Hello,
I have genotype by sequencing data for 400 samples. I am trying to run a SNP calling pipeline using GATK. I could manage until HaplotypeCaller command in gatk. However, when I proceed with CombineGVCFs step to combine all the 400 g.vcf files into one, GATK fails to run with the following error:
Exception in thread "main" java.lang.OutOfMemoryError: Required array length 2147483639 + 9 is too large
Then, I created 8 subset lists with 50 g.vcf files in each. I used the following code just to combine 100 samples from two lists:
gatk --java-options "-Xmx120G" CombineGVCFs -R /mnt/SNP_calling/Reference/genome.fasta -V intermediate_1.g.vcf -V intermediate_2.g.vcf -O combined_1_2.g.vcf
Still, I get the above-mentioned memory error message. I tried to increase the -Xmx value until 500G, but it did not resolve the error message.

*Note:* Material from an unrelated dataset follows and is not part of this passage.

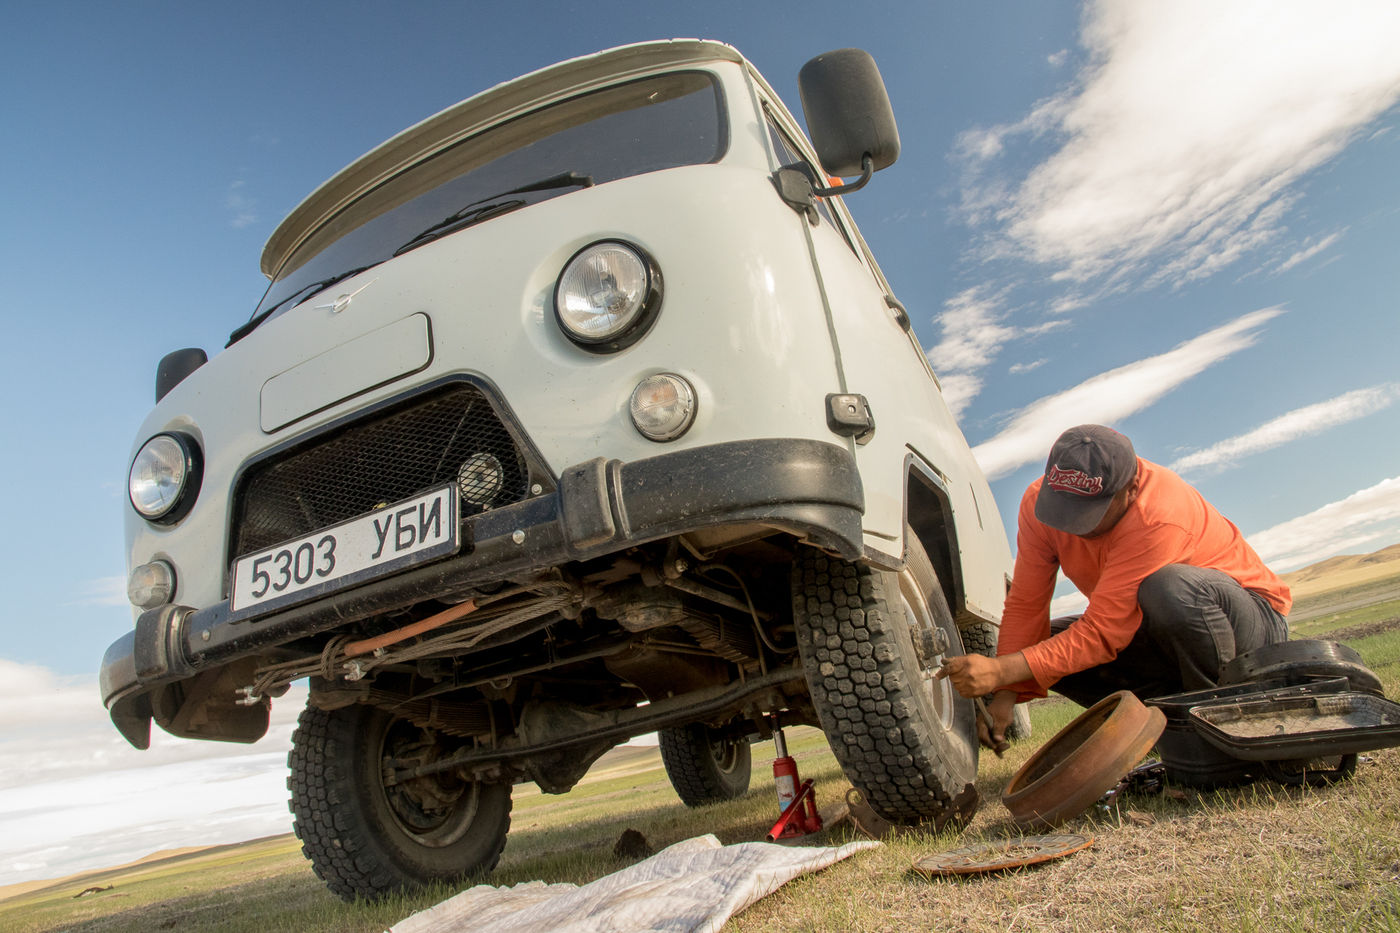 The daily maintenance of our indestructable Ural mini van! © Johannes Jansen

I am using a docker image of gatk.
Can you please provide a suggestion to resolve this issue? I thought of the GenomicImportDBI approach but I have a scaffolded reference genome with 120 scaffolds. So, going that way is more cumbersome.
Even though it's reported as an OutOfMemoryError, it has nothing to do with memory. Java does not support arrays longer than 2147483647 (and the precise limit is somewhat lower, depending on the JVM implementation). So changing -Xmx won't fix it; you simply had too many variants.